The results that sent its shares higher
Here’s a summary of Shaw’s third-quarter earnings results compared with what analysts had anticipated and its results in the same period a year ago.
Metric | Q3 2015 Actual | Q3 2015 Expected | Q3 2014 Actual |
Earnings Per Share | $0.42 | $0.49 | $0.47 |
Revenue | $1.42 billion | $1.42 billion | $1.34 billion |
Source: Financial Times
Shaw’s earnings per share decreased 10.6% and its revenue increased 5.7% compared with the third quarter of fiscal 2014. The company’s double-digit decline in earnings per share can be attributed to its net income decreasing 8.3% to $209 million and its weight average number of shares outstanding increasing 2.8% to 471 million.
Its strong revenue growth can be attributed to revenues increasing in all three of its major business segments, including 0.5% growth to $950 million in its Consumer segment, 0.7% growth to $303 million in its Media segment, and 7.4% growth to $131 million in its Business Network Services segment.

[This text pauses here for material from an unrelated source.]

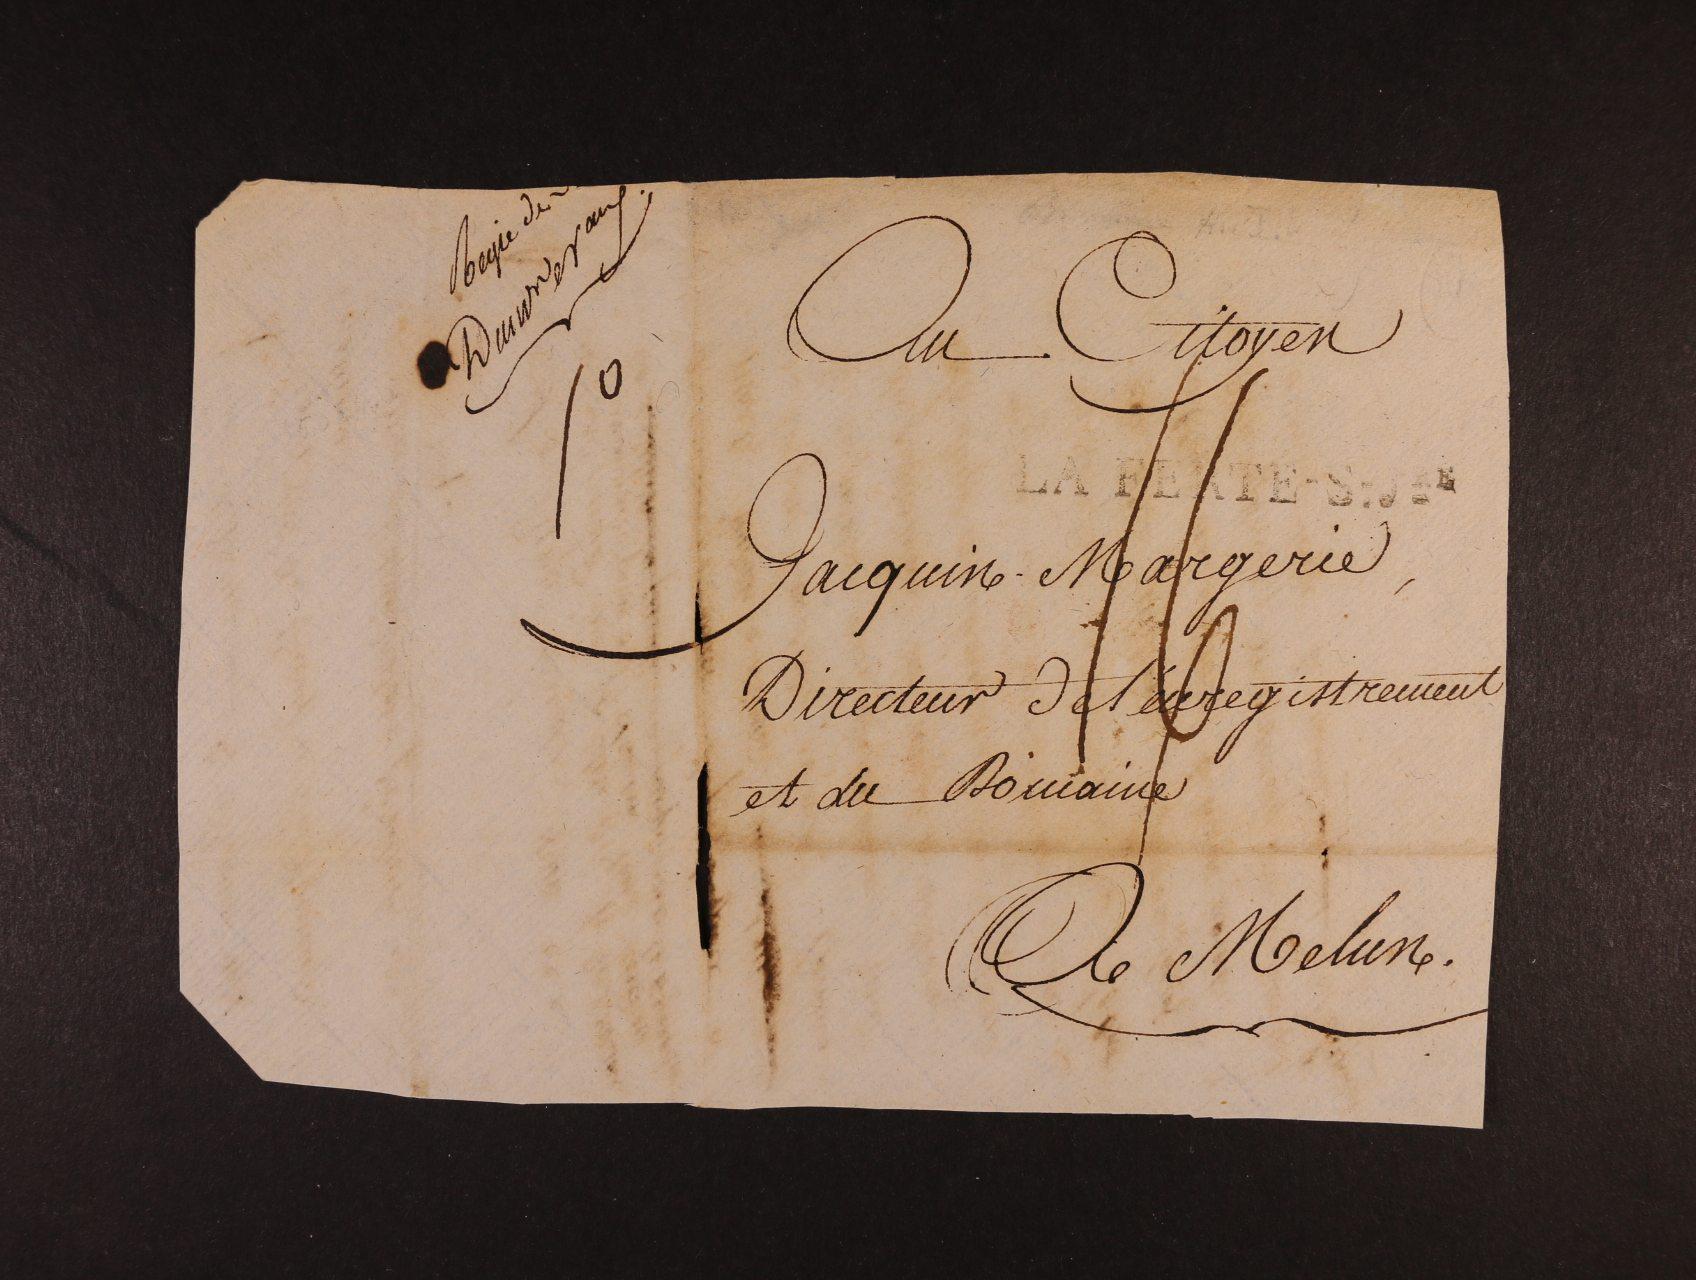 skl. dopis z r. 1799 z období franc. revoluce, dtování dle revolučního kalendáře MELUN LE 8 BRUMAIRE AN 8 = 29.10.1799, ruční vyznačení poštovného v nové měně (1F = 100 CENTIMES), poštovné bylo odstupňováno po 10ti Centimech (= 1 DÉCIME), vyznačeno 16 DÉCIME, tj. 1,60F

Here’s a quick breakdown of six other notable statistics and updates from the report:
- Operating income before restructuring costs and amortization increased 7% year over year to $643 million
- Operating margin expanded 50 basis points year over year to 45.3%
- Funds flow from operations increased 27.2% year over year to $500 million
- Free cash flow increased 6.7% year over year to $256 million
- Total consumer subscribers decreased 2.4% year-to-date to 5,454,186
- Total business network subscribers decreased 1.9% year-to-date to 6,024,692
Should you buy in to the rally?
It was a good quarter overall for Shaw, so I think the pop in its stock is warranted. I also think this could be the start of a sustained rally towards its 52-week high, which it still sits more than 12% below.
First, Shaw’s stock trades at just 16 times fiscal 2015’s estimated earnings per share of $1.74 and only 15.2 times fiscal 2016’s estimated earnings per share of $1.84, both of which are inexpensive compared with the industry average price-to-earnings multiple of 17.6.

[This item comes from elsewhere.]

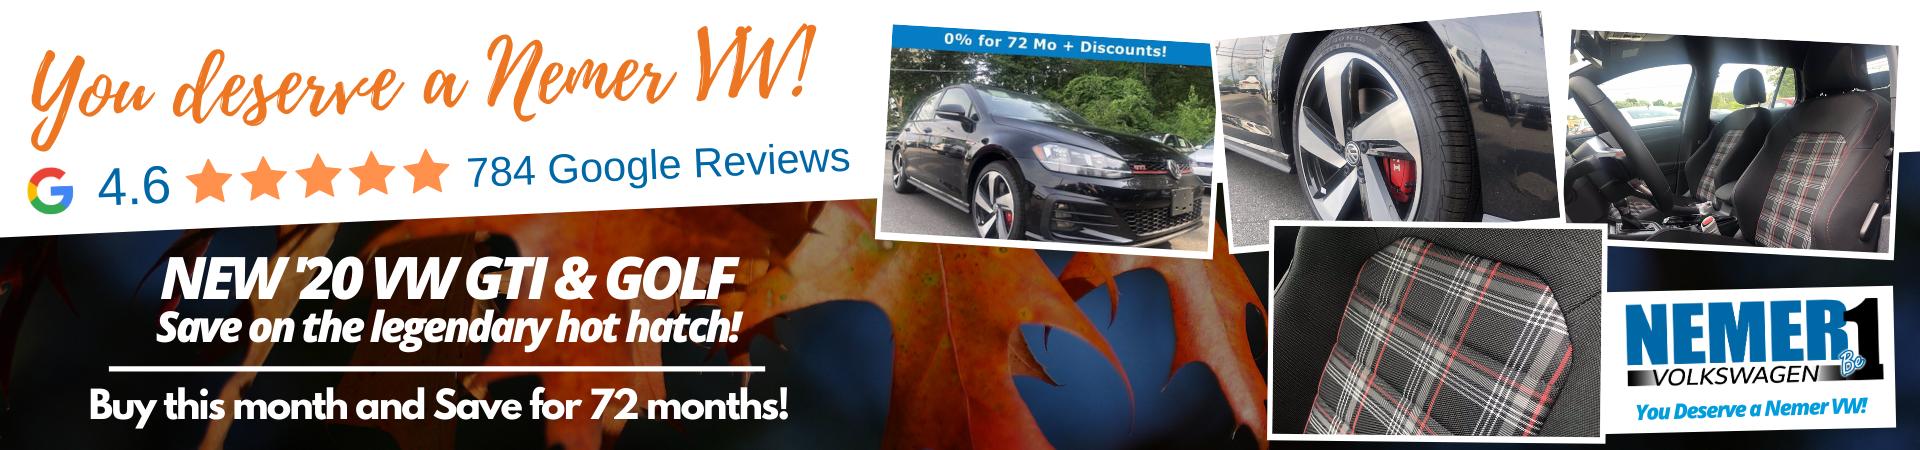 September Nemer VW GTI Golf 0% Offer

Second, Shaw pays a monthly dividend of $0.09875, or $1.185 per share annually, giving its stock a 4.2% yield at today’s levels. The company has also increased its annual dividend payment for 12 consecutive years, making it one of the top dividend-growth plays in the market today, and its increased amount of free cash flow could allow this streak to continue for the next several years.
With all of the information provided above in mind, I think Shaw Communications represents one of the best long-term investment opportunities in the market today. Foolish investors should strongly consider making it a core holding.